ServerWare is the set of cross-platform database, memory, and transaction processing software for clustered systems. The technology will run on any computer that supports either the NonStop Himalaya server's NonStop Kernel OS or the Wolfpack clustering software, but Tandem believes ServerWare will work best on ServerNet-enabled computers.

ServerWare supports a variety of approaches to transaction processing, from API to object-oriented approaches. Tandem believes this capability makes ServerWare a rich application environment and hopes it will become a solution magnet for transaction processing in NT solutions. The company recognizes that the 22 years it has taken to build the base of major clients running business-critical cluster computers will be out-stripped in the next two years when Compaq (another partner in the Wolfpack project) and Microsoft build a base of 100,000 clustered computers. With this scenario in mind, Tandem has released ServerWare for use on competitor Wolfpack cluster systems (as well as on its own) by licensing the technology to Microsoft. This way, all solutions can run ServerWare.

Targeted Technology
The deployment of these two technologies is designed to directly address the financial services community's NT concerns by providing an opportunity for an unprecedented level of robustness and scaleability in the NT environment. With an eye on the future, both Tandem and Microsoft have made clear that they also have their sights on the expected further leap in volume requirements as a result of online personal financial services, including Internet banking. This development will necessitate the transactivating of the Web.

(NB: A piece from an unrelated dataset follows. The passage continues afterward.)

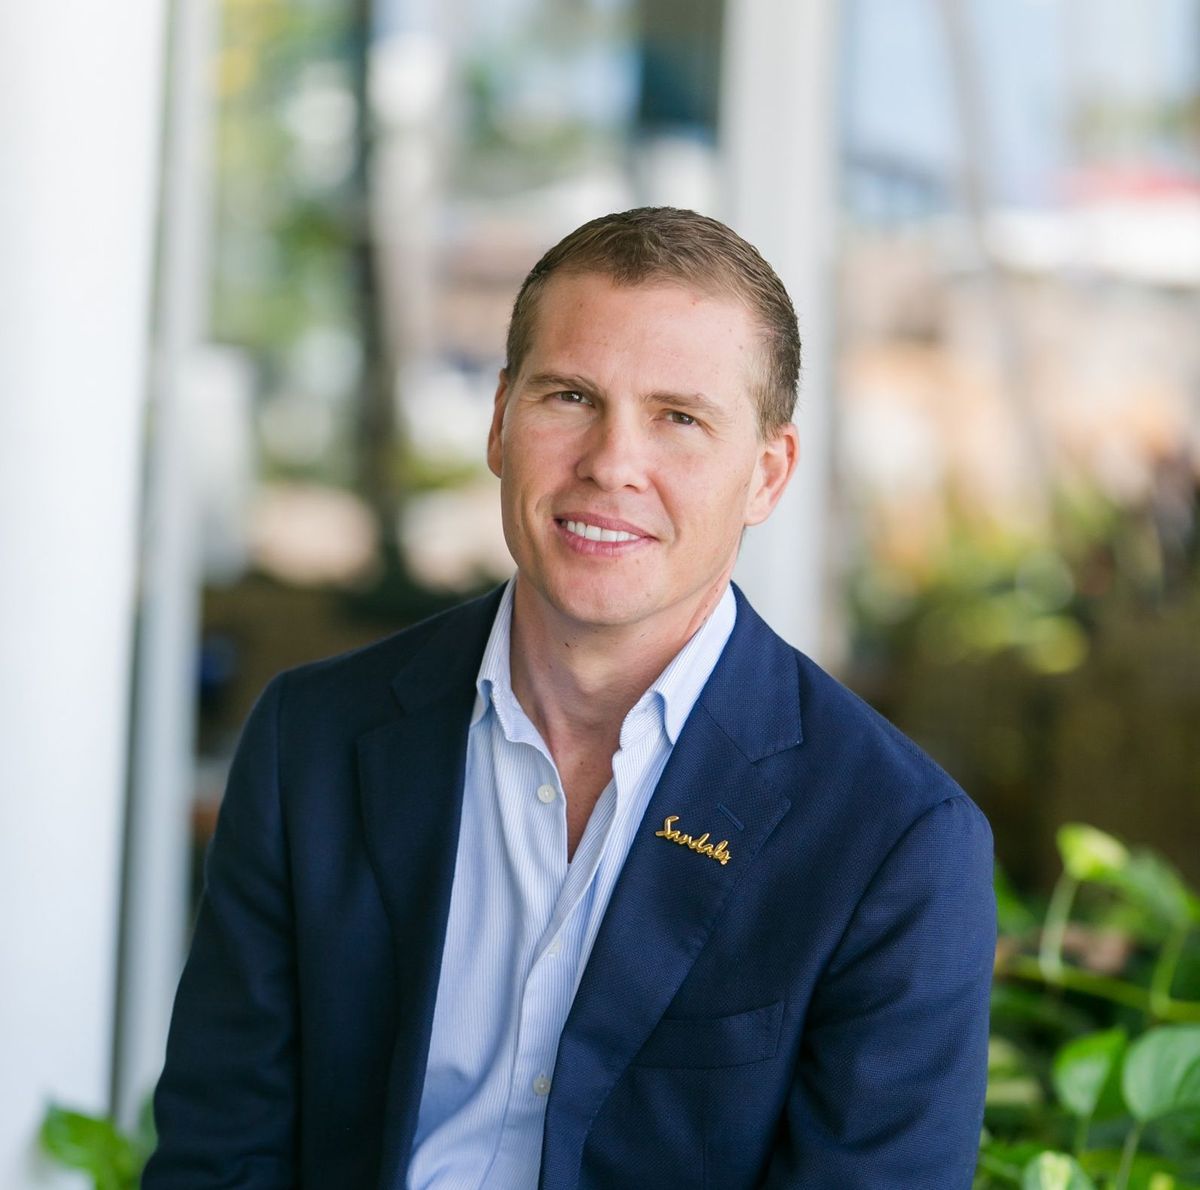 Adam Stewart, président de Sandals Resorts, nommé exécutif de l'année ...

The Internet's future, with its demands for effectively unlimited transaction processing capability, is merely another leap up the ladder of online volume demand. When the next wave of NT Server-based products with clustering becomes available next year, Microsoft will be at the helm, meeting the necessities of 24 * 7 availability and scaleability.

With Microsoft and Tandem now committed to clustering and with additional solution announcements, such as the NT-based Merchant Server for credit card transaction processing (online shopping will be worth $6.6 billion by 2000), Microsoft's competitors will have to work hard indeed to outrun the Wolfpack.

Novell Plays Microsoft's Giveaway Game
Meeting Microsoft on its own playing field, Novell is now offering Novell Directory Services (NDS) for free. UNIX vendors, application developers, or Internet service providers (ISPs) can have the NDS source code at no cost if they include NDS in their products. A binary version of NDS for Windows NT will be available to OEM partners early this year.